Apache Drill provides query capabilities against a variety of data systems.
By enabling Drill for DFDL-described data, one could immediately query data that has a DFDL schema describing its format.
Metadata Mapping
TBD: does Drill support...
- nullable complex types (a column containing a sub-table, that is itself nullable?)
- date/time/datetime types
- big int, big decimal
- nullable strings (distinguished from empty strings)
- namespaces (of some sort)
TBD: should we be trying to simplify the metadata to make querying easier, or be ruthlessly uniform so that queries will be ugly but at least consistent?
TBD: should we be trying to handle XSD here (all of it) or just DFDL?
TBD: as with namespace-distinctions, where we warn when an element is only distinguishable by the namespace, which isn't represented in, for example JSON, we could also warn about Anonymous choices or other things that make metadata mapping to Drill (or NiFi or ... ) harder.
type (of element unless noted) | nillable (yes/no, * = don't care) | dimension (scalar, optional, array, * = don't care) | drill metadata | |
---|---|---|---|---|
* | * | array | sub-table with added index column to hold position (note: name of index column should not collide) | |
date/time | * | * | TBD: are there date/time types corresponding? If so use them, if not use strings in ISO8601 format | |
string | Must map any DFDL infoset illegal string characters to Drill-allowed characters (analogous to what we do with XML-illegal characters for converting the DFDL infoset to XML). | |||
string | * | scalar | String (non nullable) TBD: is empty string distinguished from null string in Drill? (ANSI SQL databases distinguish empty strings from null strings - DFDL also distinguishes these. Some other databases do not) | |
simple type | no | scalar | corresponding Drill type | |
simple type | yes | scalar | nullable corresponding drill type (TBD: no distinction from string. Combine with string if there is no distinction) | |
simple type | no | optional | nullable corresponding drill type (TBD: no distinction from string. Combine with string if there is no distinction) | |
simple type | yes | optional | nullable corresponding drill type (note: the two concepts of optional and nullable are collapsed) (TBD: no distinction from string. Combine with string if there is no distinction) | |
simple type | no | array | sub table with index and non-nullable value column (TBD: no distinction from string. Combine with string if there is no distinction) | |
simple type | yes | array | sub table with index and nullable value column (TBD: no distinction from string. Combine with string if there is no distinction) | |
bounded size unsigned integers (excluding unsignedLong) | * | * | next larger size signed integer | |
unsignedLong | TBD: Do we have bignum?
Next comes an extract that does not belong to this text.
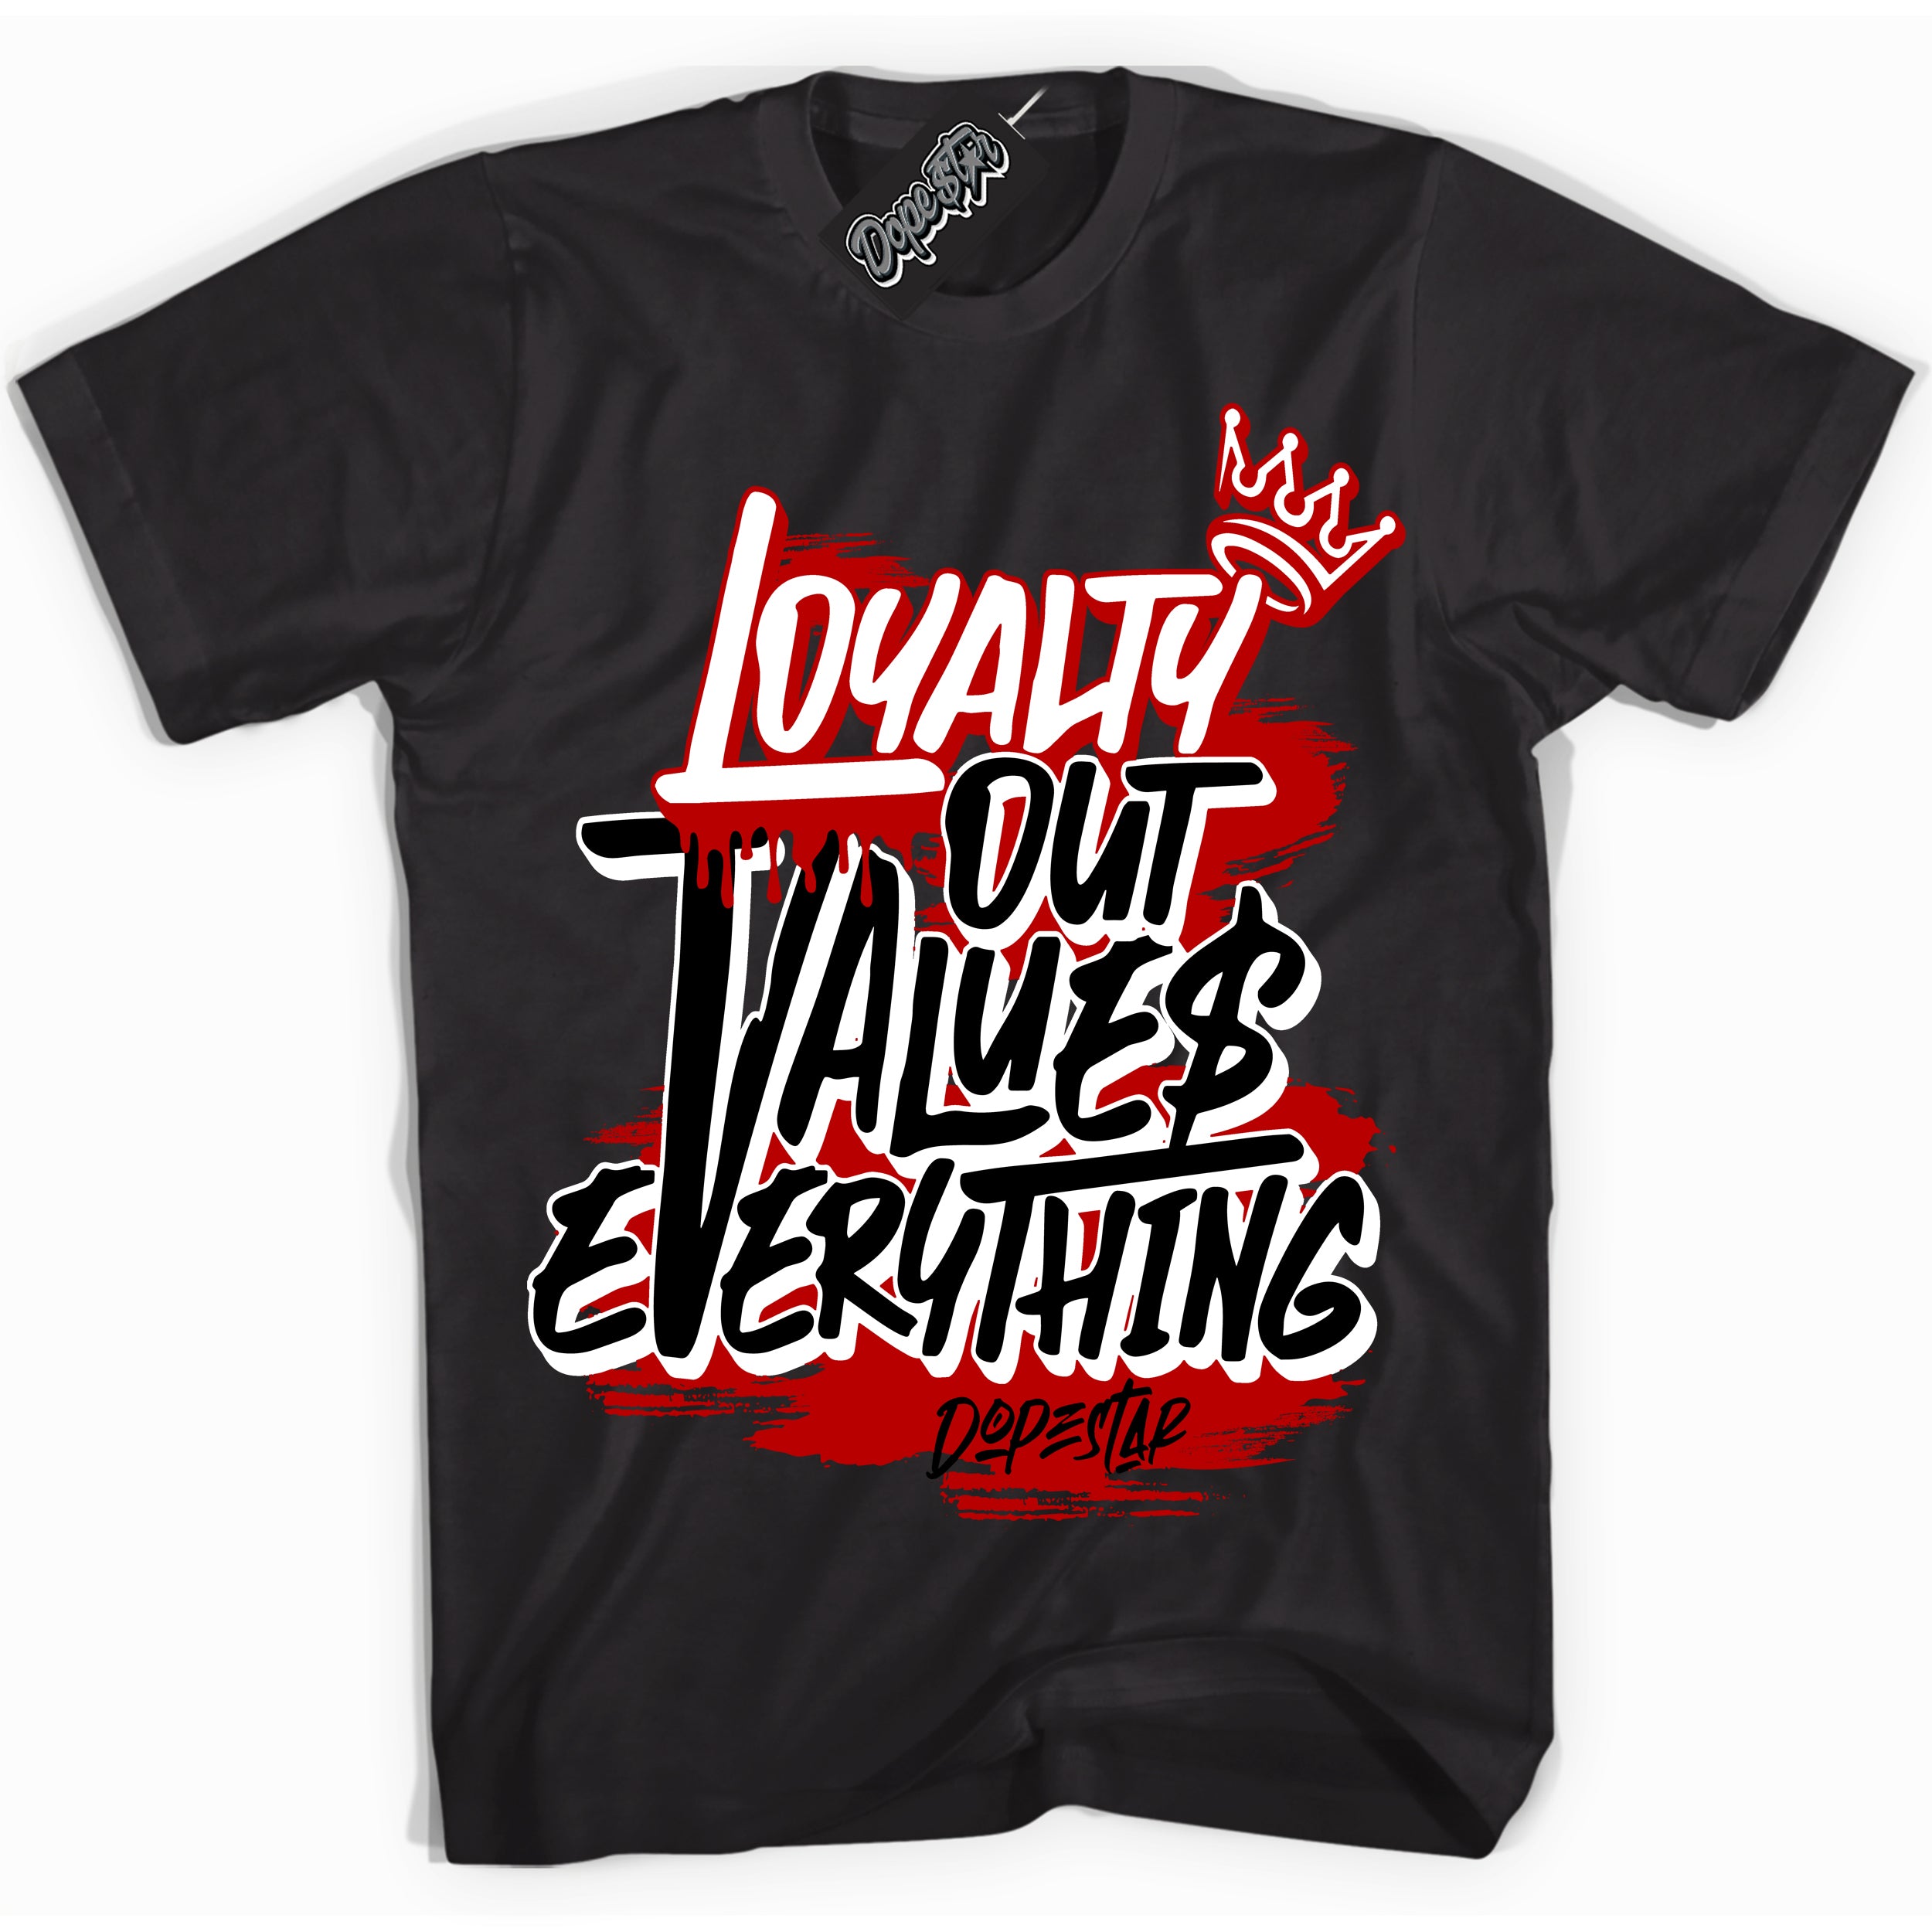 Cool Black Shirt with “ Loyalty Out Values Everything” design that perfectly matches Gym Red Panda 1s Sneakers.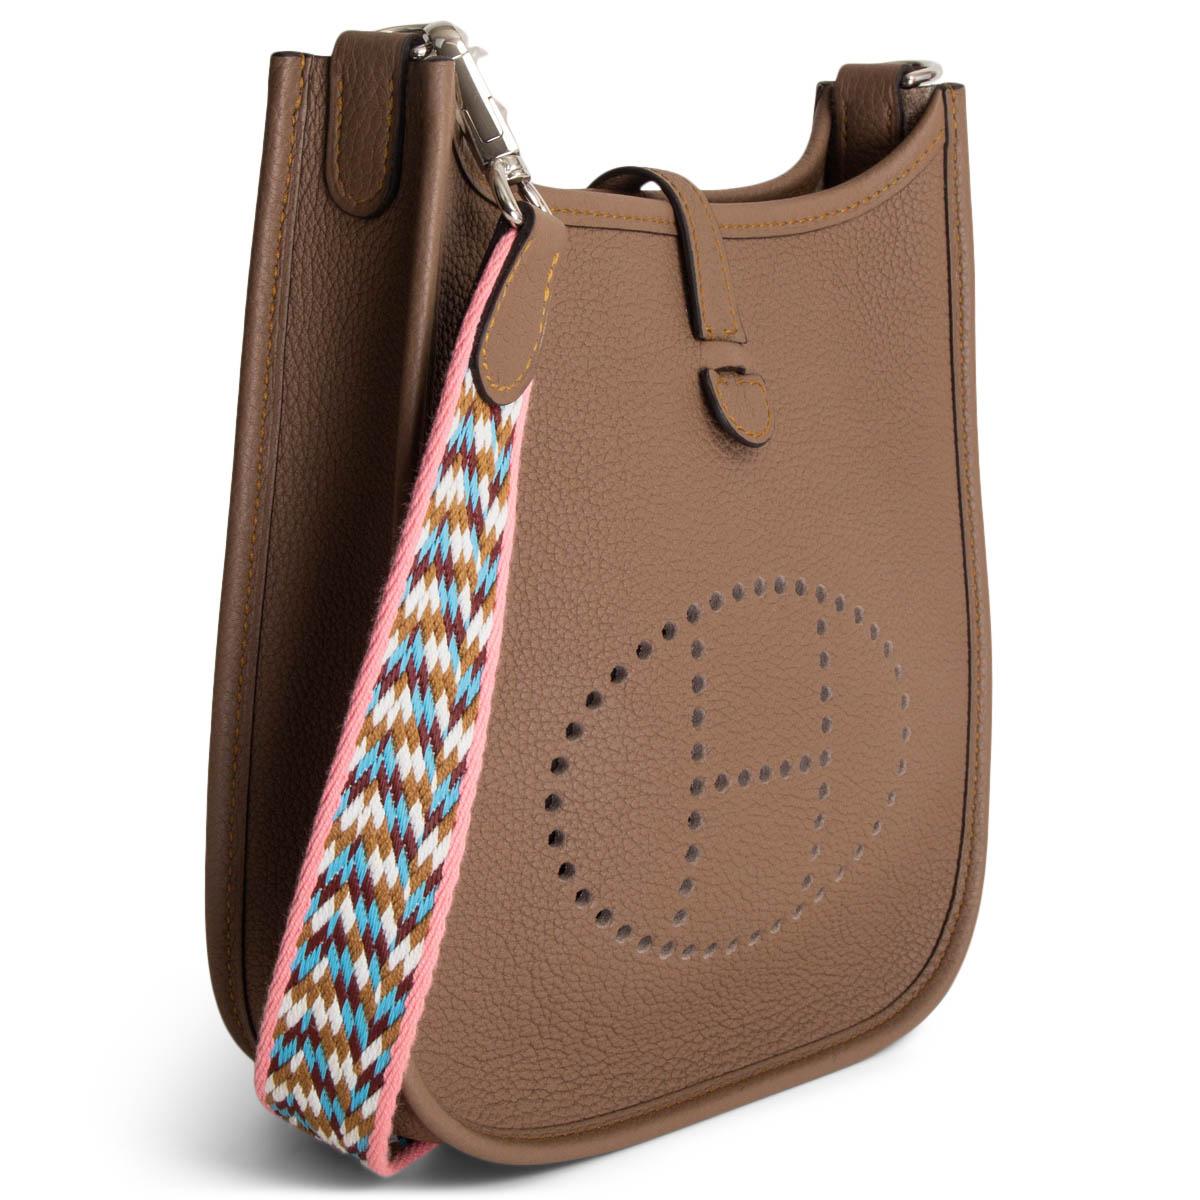 100% authentic Hermès Evelyne 16 Amazone crossbody bag in Beige Weimar Taurillon Maurice leather with wooly sangle zigzag shoulder strap in rose ete, Bleu du Nord, Rouge H, beige and blanc canvas. Perforated leather

TBD: should we just restrict this to range of signed long type? TBD: just use string? | |||
integer (unbounded) | TBD: Do we have a corresponding type? (if not use string) | |||
decimal | TBD: Do we have a corresponding type? (If not use string) | |||
complex (element with sequence or choice) | no | scalar | sub-map (is there such a thing?) | |
complex (element with sequence or choice) | no | optional or array | arrayMap | |
complex (element with sequence or choice) | yes | scalar, optional, or array | sub-table with index column and a map. | |
complex sequence | no | scalar | TBD: merge children into parent context? TBD: extend child element names with enclosing element name? TBD: name collisions? TBD: more than one child with same name? (non-array case) | |
complex sequence | yes | scalar | sub table | |
complex sequence | * | optional or array | sub table | |
complex choice | ||||
About Other Metadata
Bestides Apache Drill, there are other systems with similar metadata organization.
- Apache NiFi Records
- Apache Avro - adds a restriction. Unions cannot directly contain other unions
- Note that in a pure logical data system there is no need for unions that contain other unions, as such can always be flattened into a single union.
- In DFDL nested "choices" are not uncommon if one choice uses discriminators and another uses direct dispatch.
- This is a common idiom when trying to get direct dispatch plus "a default" choice branch for when the value is not found as a choice branch key.
- DFDL may be amended with a default choice branch feature to help with this.
- Apache Pulsar: supports several kinds of complex type structures. Both NiFi and Avro are supported.